Wirtualna rzeczywistość Szkoły Trenerów

W dobie pandemii 24 trenerów powoli kończy kurs na licencję UEFA Pro. – Staramy się przygotowywać kursantów na różne sytuacje kryzysowe, ale na taką przerwę w rozgrywkach nikt by nie wpadł – przyznaje Dariusz Pasieka, dyrektor Szkoły Trenerów PZPN.

Przesunięte terminy egzaminów końcowych i wstępnych, niemożność spotykania się na tradycyjnych zjazdach w Białej Podlaskiej czy przeprowadzania pokazowych treningów w swych klubach w ramach mikrogrup, małe szanse na tradycyjną wizytę w Nyonie, prezentacje z zagranicznych staży dokonywane w formie internetowych wideokonferencji. Tak w dobie pandemii wygląda rzeczywistość Szkoły Trenerów PZPN i uczestników kursu UEFA Pro.

Egzamin miał być w czerwcu

– Mieliśmy trochę szczęścia, bo w drugim tygodniu marca, w środę, zakończyliśmy sesję nr 8, a w piątek odwołano już wszelkie aktywności w PZPN czy wojewódzkich związkach. Chwilę poczekaliśmy, a potem podjęliśmy decyzję o przeprowadzaniu zajęć w wirtualnej formie. Dwa razy w tygodniu spotykamy się na platformie online. Jednym z warunków ukończenia kursu jest odbycie tygodniowego stażu w klubie zagranicznym i przedstawienie przed całą grupą prezentacji. Te kwestie w ostatnim czasie załatwiliśmy. Do zakończenia kursu pozostała nam jeszcze jedna 4-dniowa sesja, wyjazd do siedziby UEFA w szwajcarskim Nyonie oraz sesja egzaminacyjna – opowiada Dariusz Pasieka, dyrektor Szkoły Trenerów PZPN.

O licencję UEFA Pro – najwyższą, uprawniającą do samodzielnej pracy na szczeblu centralnym – ubiega się obecnie 24 trenerów.

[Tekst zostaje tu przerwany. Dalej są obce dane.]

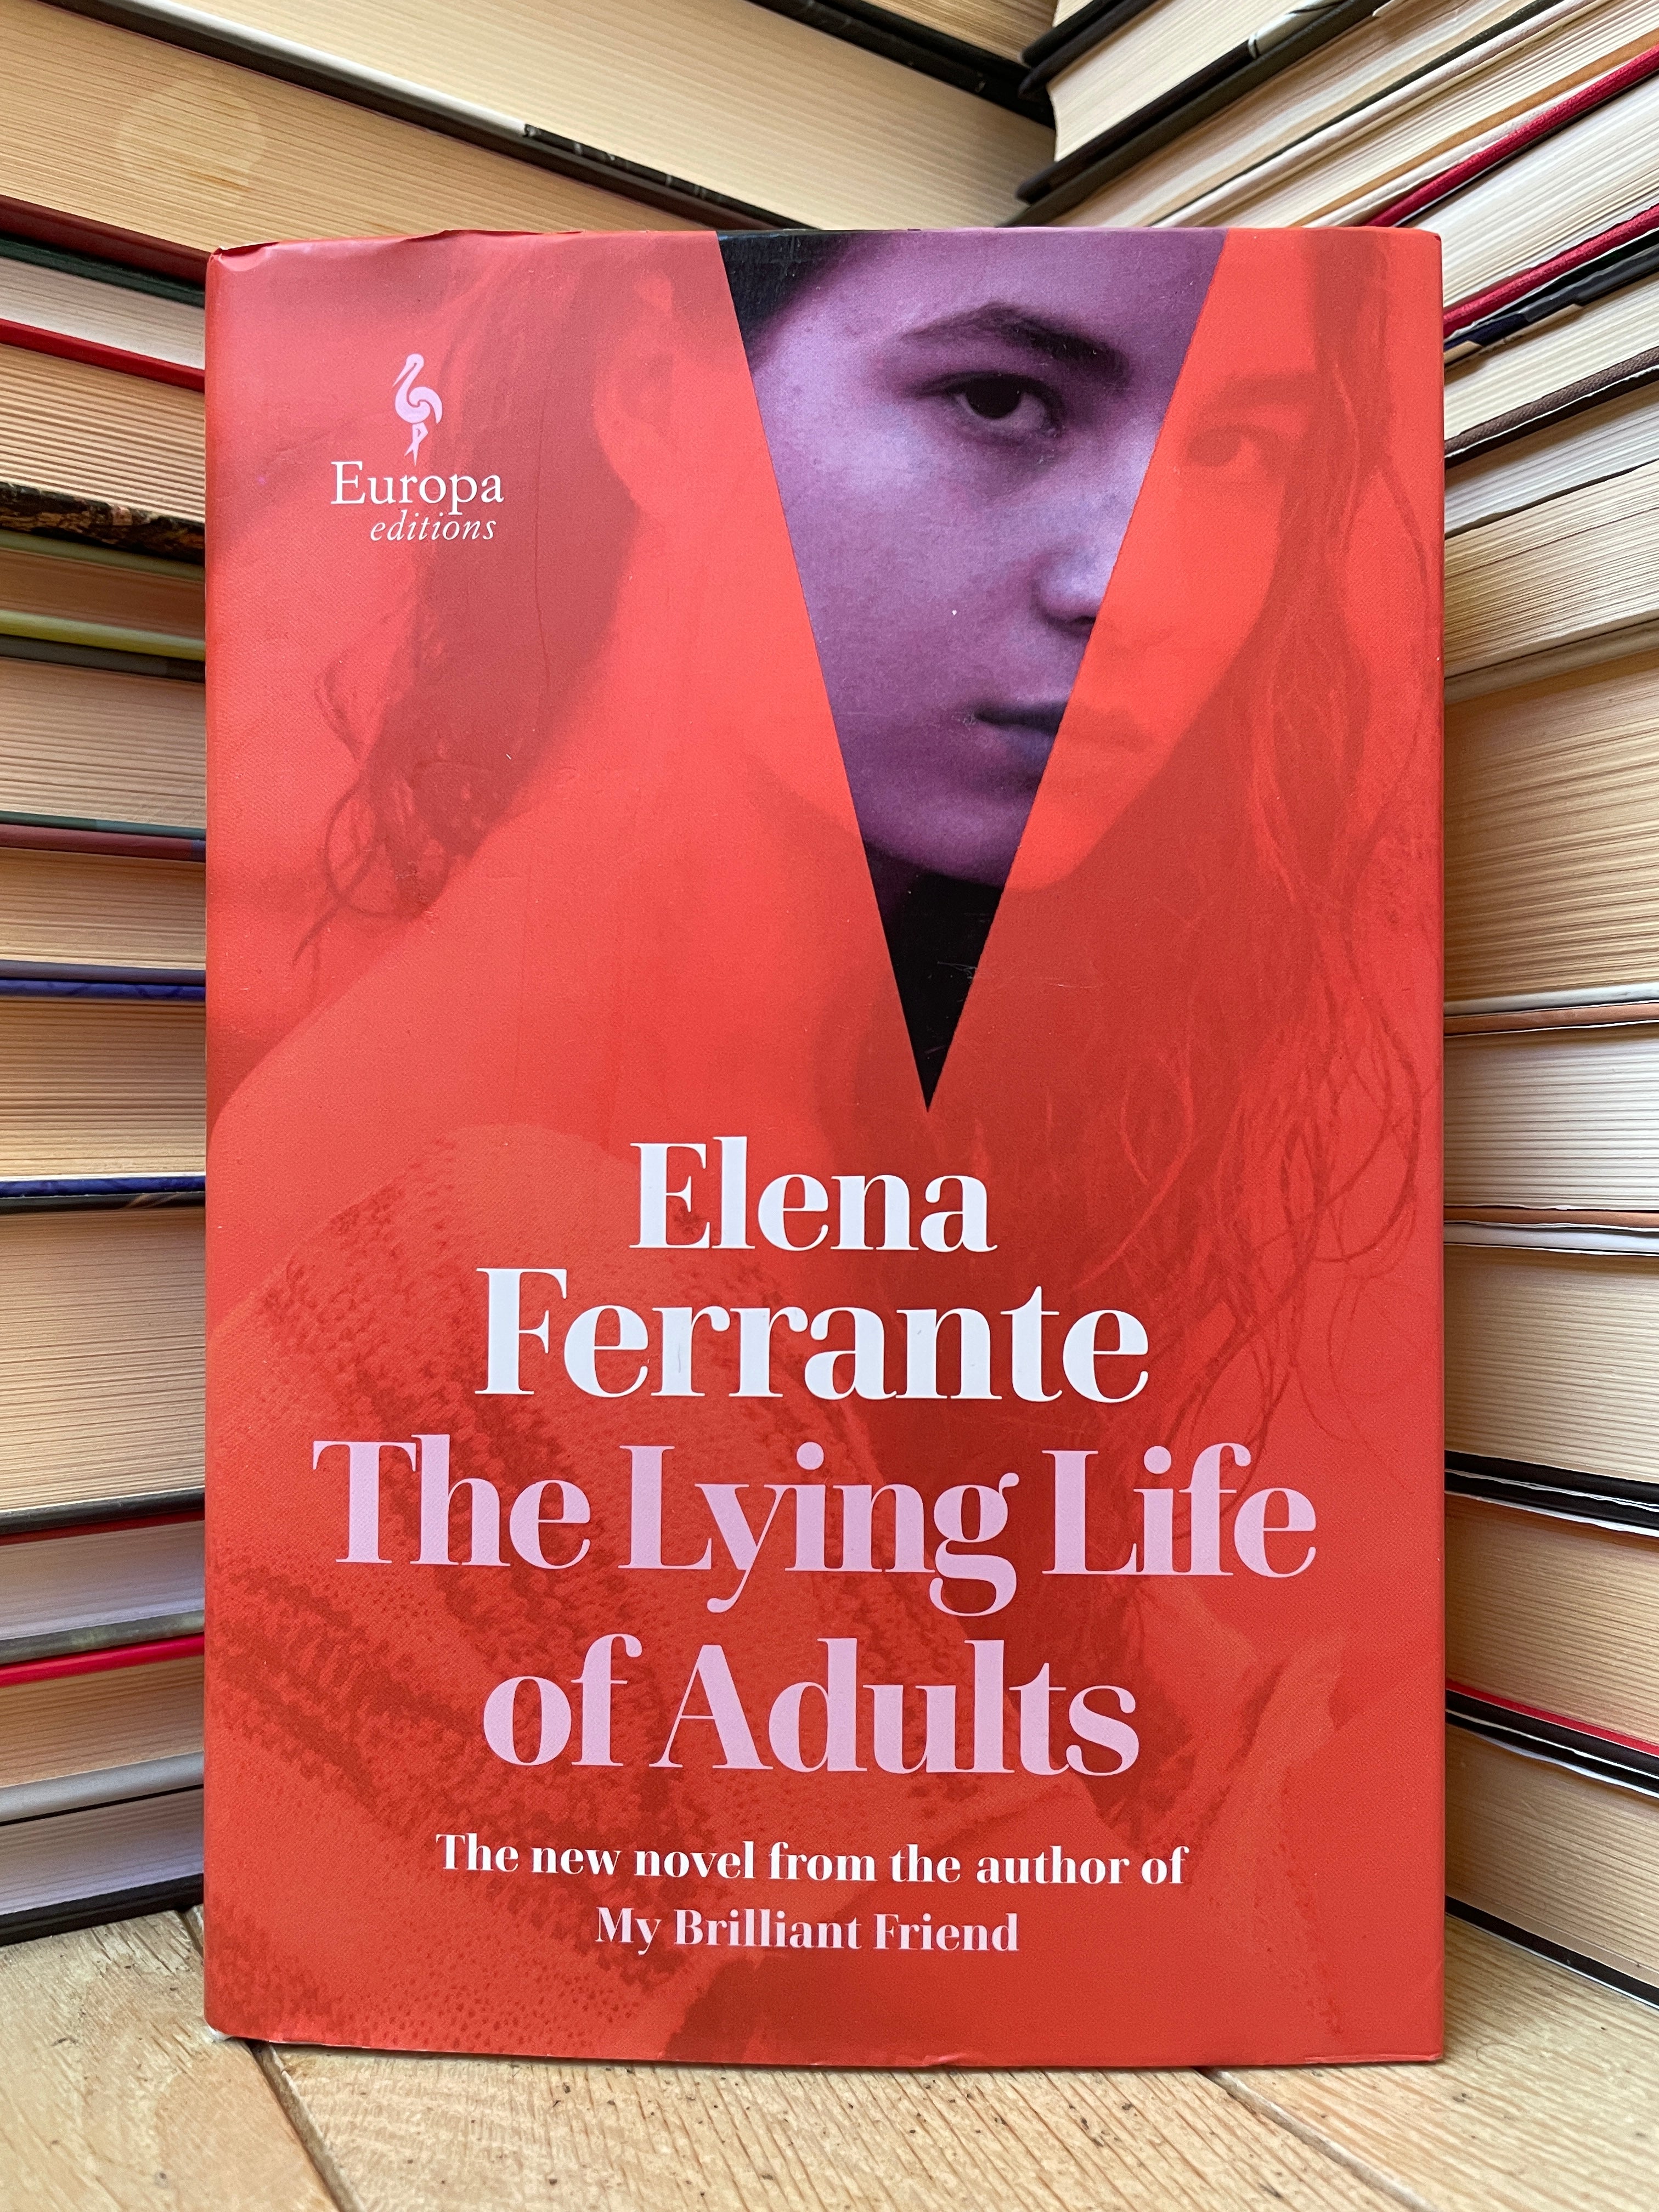 The　–　LIBRIS　Lying　of　Life　Adults　Elena　Ferrante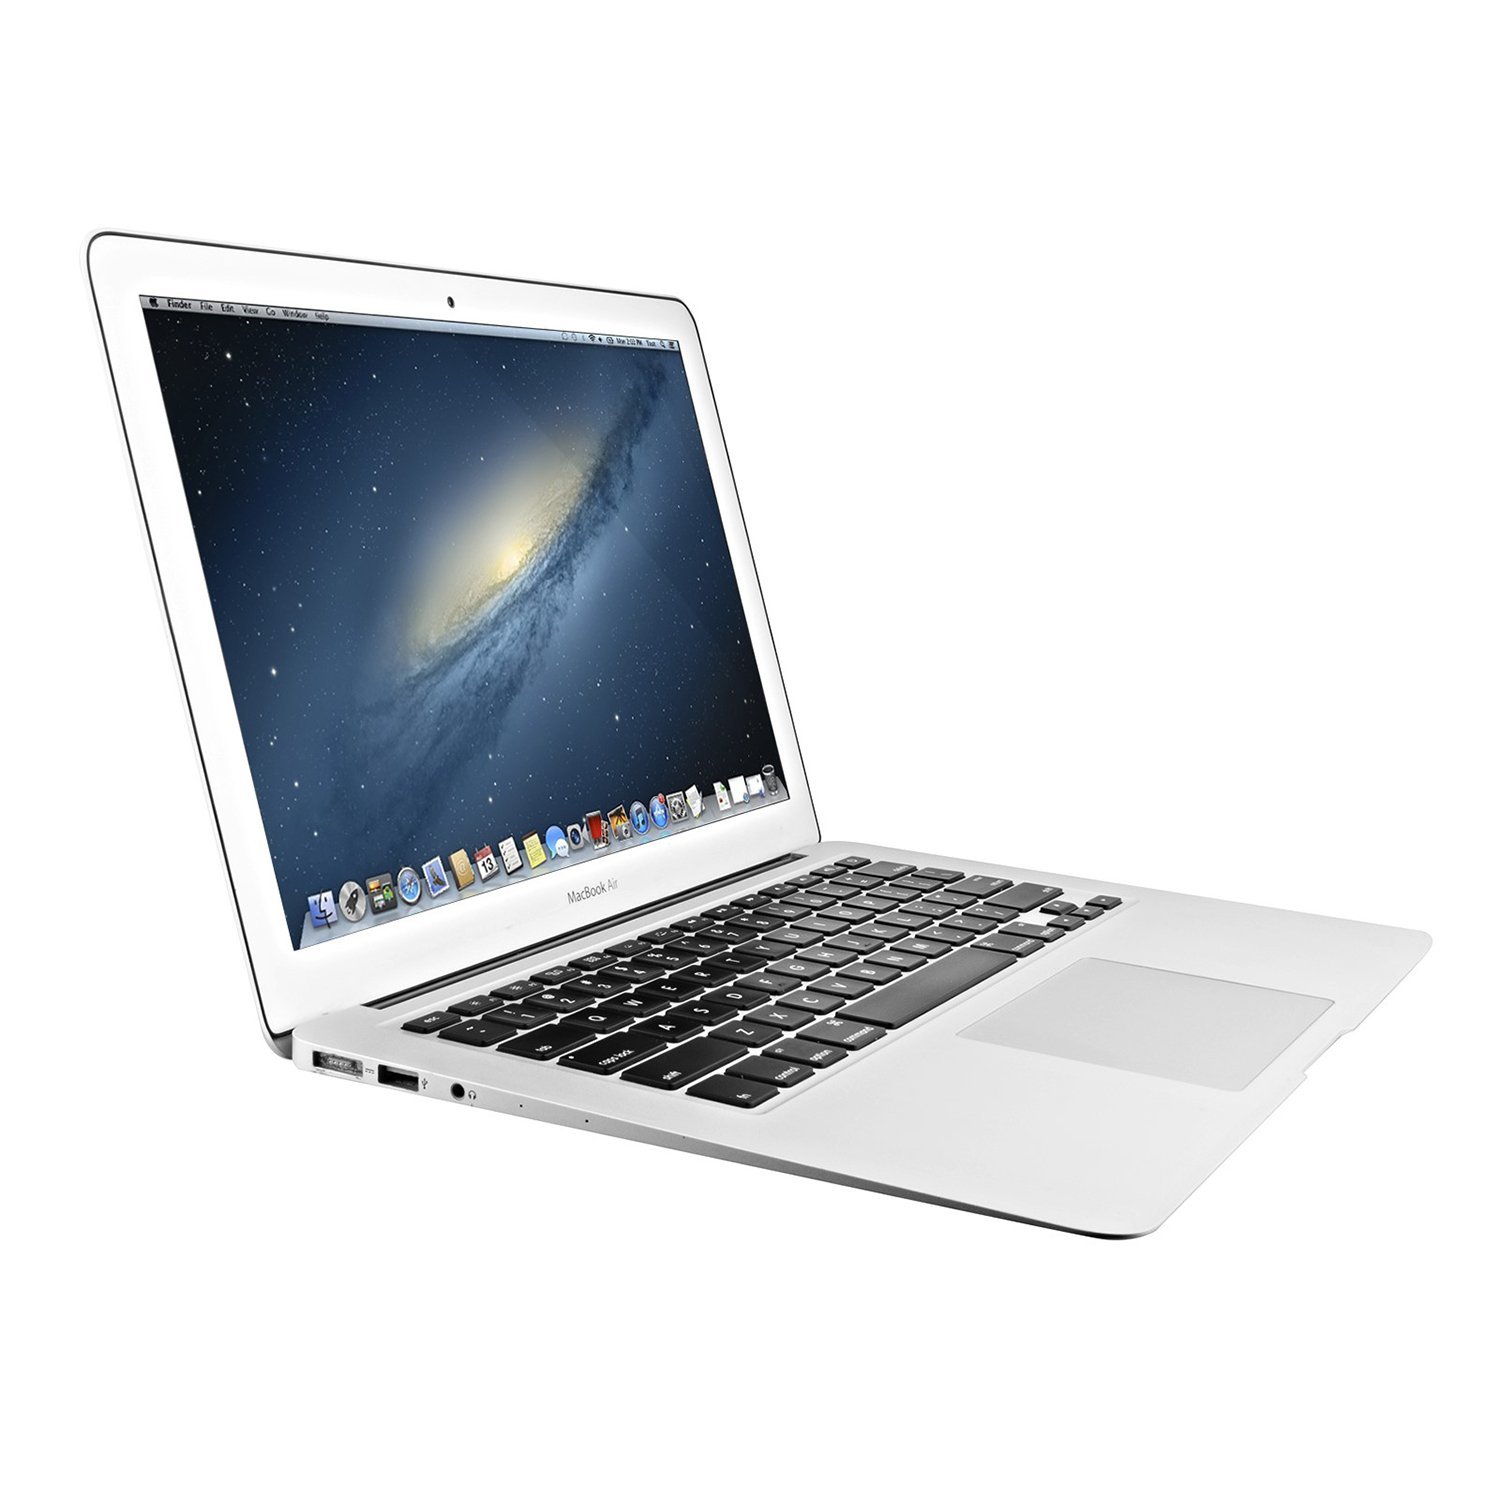 Restored Apple MacBook Air Laptop 13.3", Intel Core i5-4260U, 4GB RAM, 128GB SSD, Mac OS, Silver, MD760LL/B (Refurbished) - image 2 of 2

Kurs zaczął się w ubiegłym roku, do końca kwietnia trenerzy mają czas na składanie prac dyplomowych, egzamin końcowy był przewidziany na początek czerwca. Wskutek pandemii, trenerom przepadły już dwa zjazdy. Wizyty w Białej Podlaskiej kojarzą się z dużą intensywnością. Trenerzy na kilka dni opuszczają swe kluby, by maksymalnie, od świtu do zmierzchu, wykorzystywać ze swymi wykładowcami czas w Szkole Trenerów. Teraz trzeba to odrabiać online.

Dariusz Pasieka, dyrektor Szkoły Trenerów PZPN, życzy każdemu szkoleniowcowi, by dotrwał do końca tego ekstremalnego sezonu.
Fot. Piotr Matusewicz/Pressfocus

– Nie da się siedzieć przed komputerem cały dzień, dlatego ograniczamy się maksymalnie do trzech godzin. Tak czy inaczej, zostanie nam do odbycia około czterech dni kursu – zaznacza Pasieka.

Tego się nie nadrobi na laptopie

Podczas kursu trenerzy są podzieleni na sześć 4-osobowych mikrogrup, nad każdą pieczę sprawuje trener-mentor (prócz Dariusza Pasieki, są to m.in. Dariusz Gęsior, Stefan Majewski, Leszek Cicirko, Paweł Janas i Sławomir Kopczewski). W ramach tych mikrogrup, uczestnicy 2-krotnie przeprowadzają pokazowy trening w klubie, w którym są zatrudnieni.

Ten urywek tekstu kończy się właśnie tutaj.